(SUPPLIED RECORDS Opens)

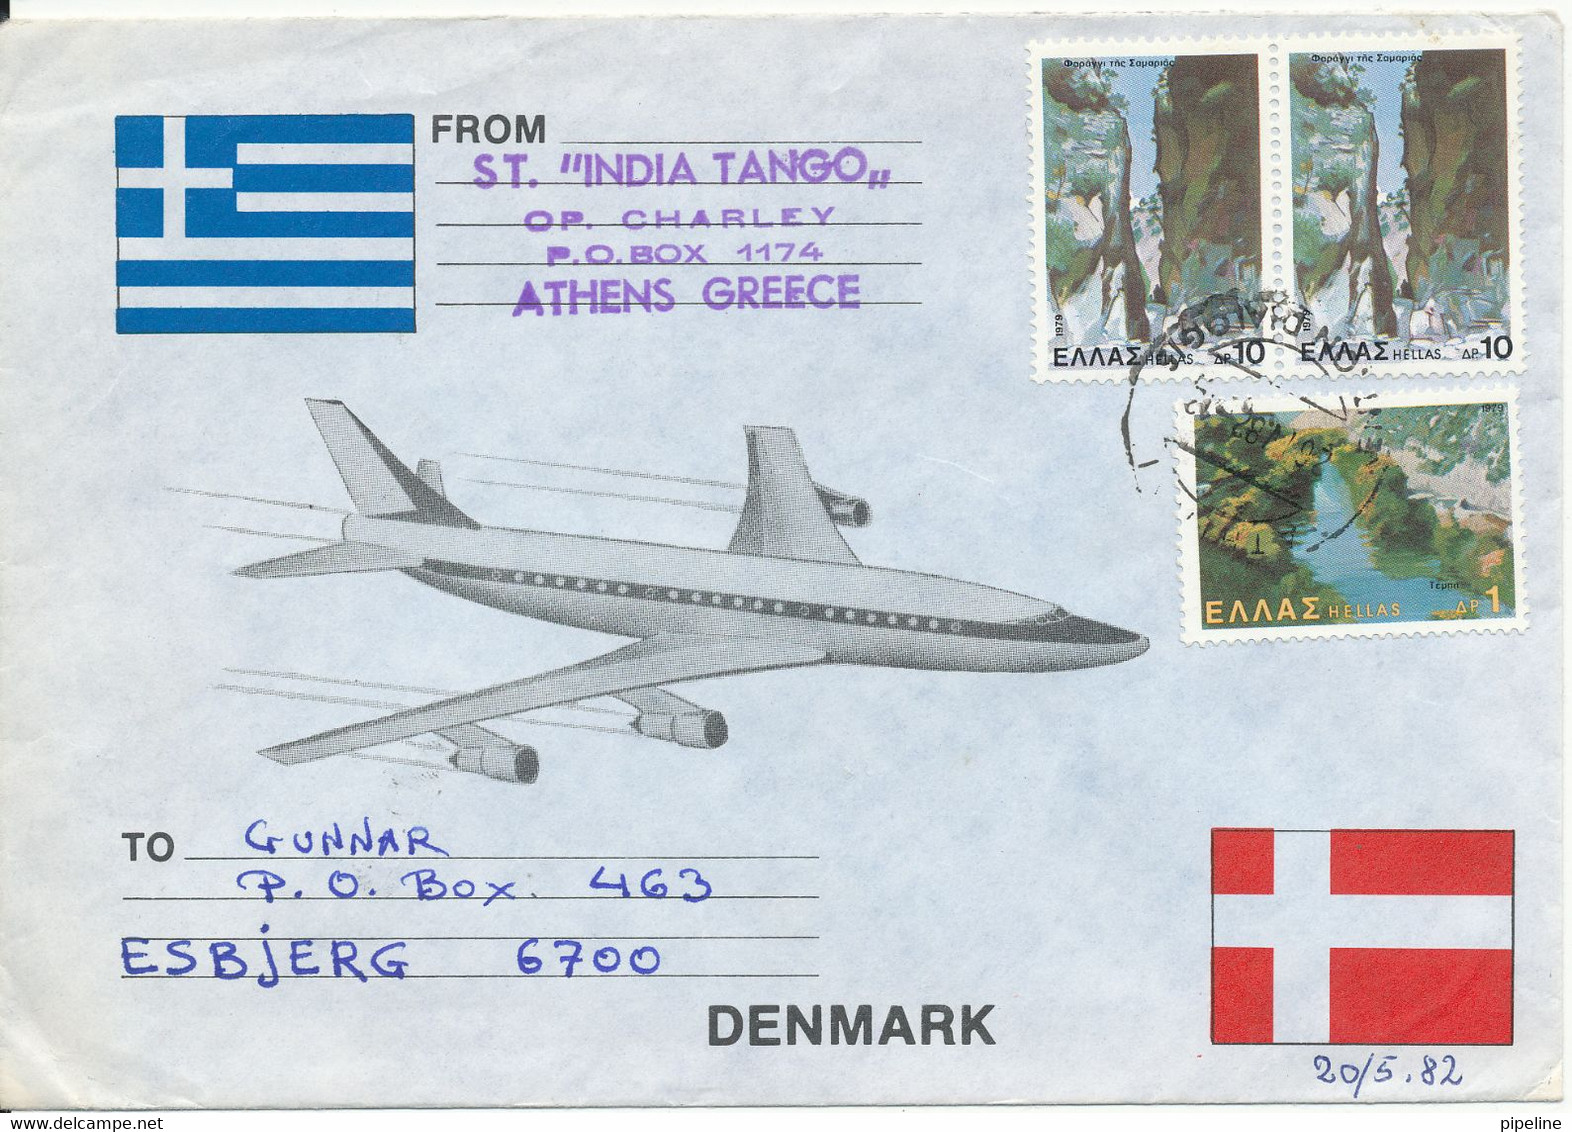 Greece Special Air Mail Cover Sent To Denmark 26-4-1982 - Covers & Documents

(SUPPLIED RECORDS Closes)
(SUPPLIED RECORDS Opens)

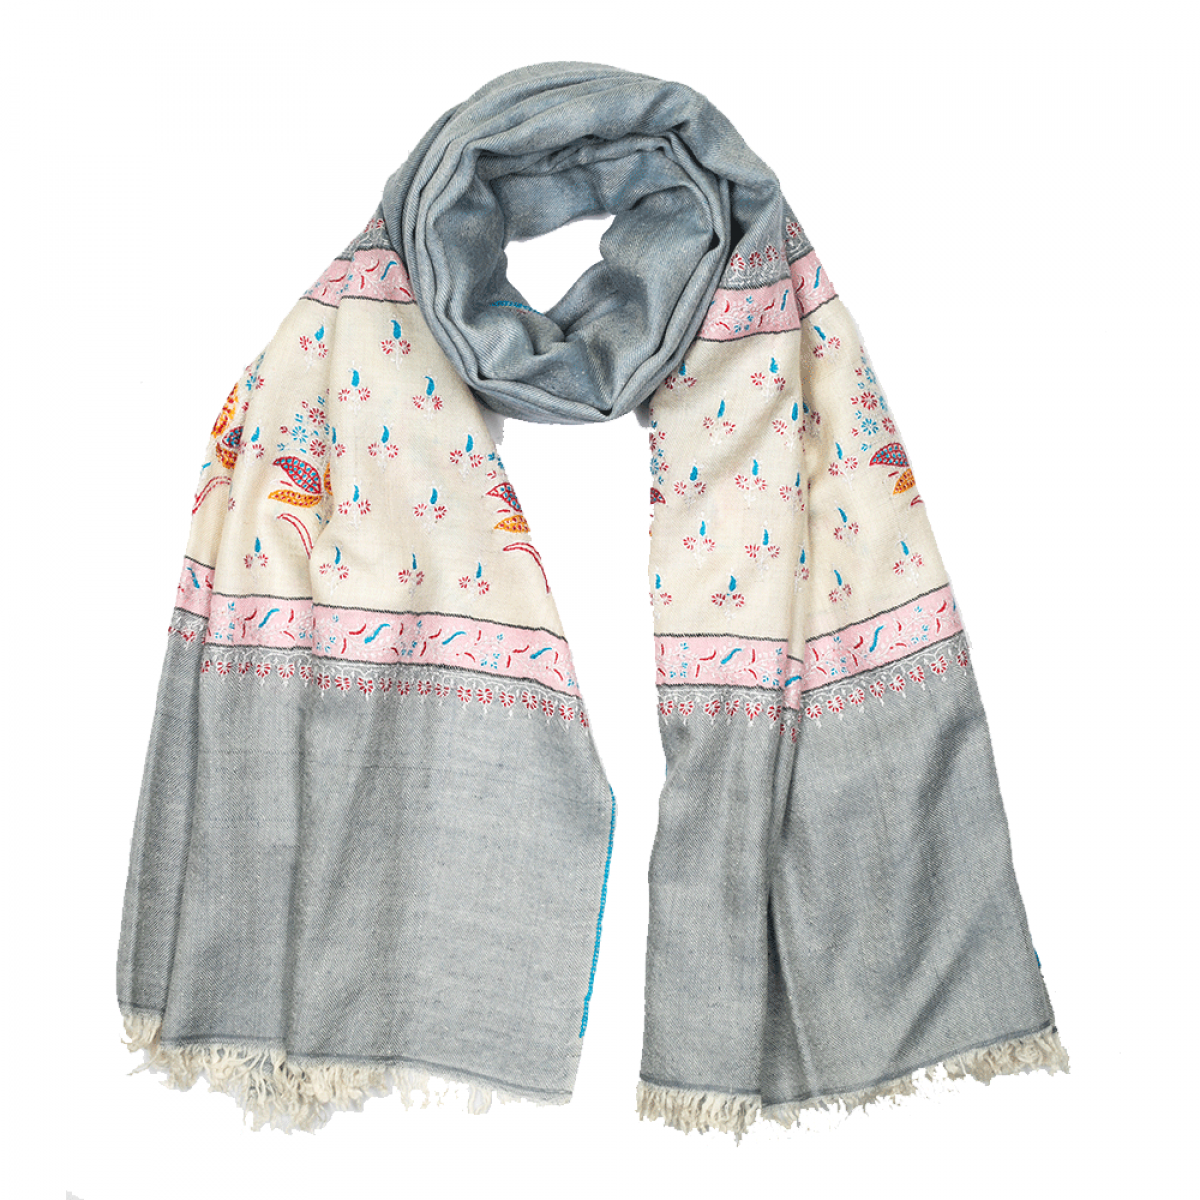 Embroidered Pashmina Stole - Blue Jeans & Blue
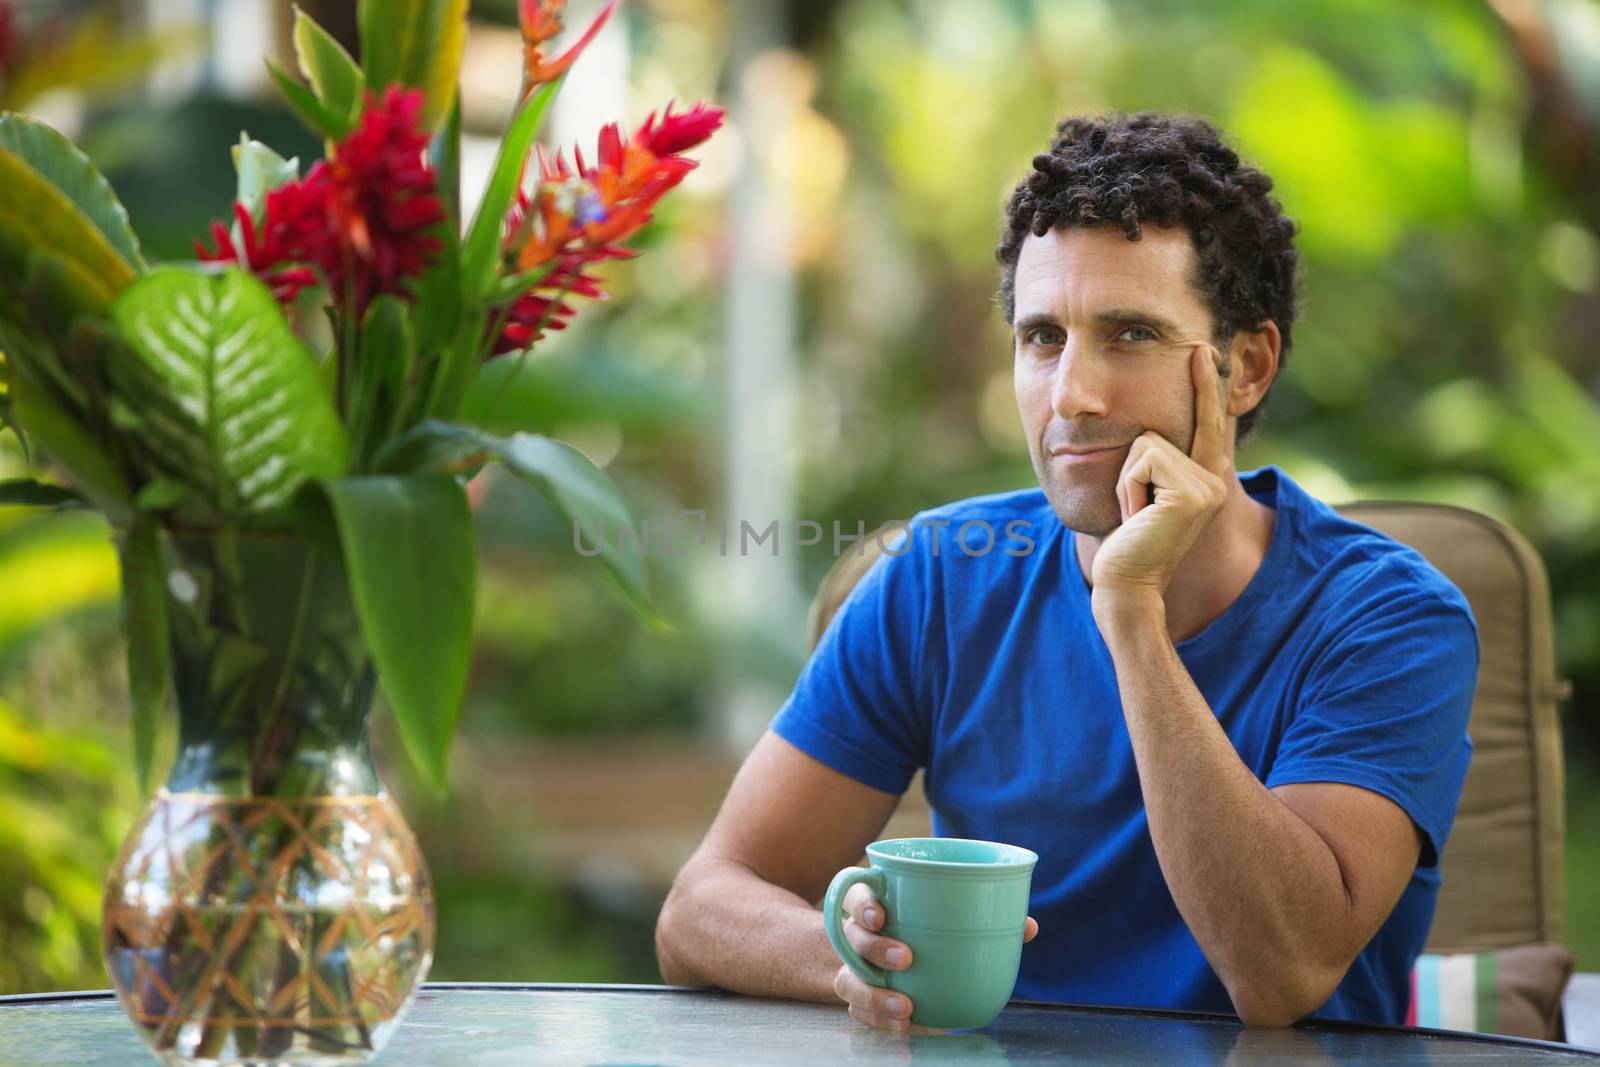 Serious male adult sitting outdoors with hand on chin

(SUPPLIED RECORDS Closes)

WHAT THE TASK ASKS: Copy only what lies between the line with "Embroidered Pashmina Stole" and the line with "Serious male adult", those two lines included, exactly as given above; pictures stay out.

FINAL ANSWER:
 Embroidered Pashmina Stole - Blue Jeans & Blue
 Serious male adult sitting outdoors with hand on chin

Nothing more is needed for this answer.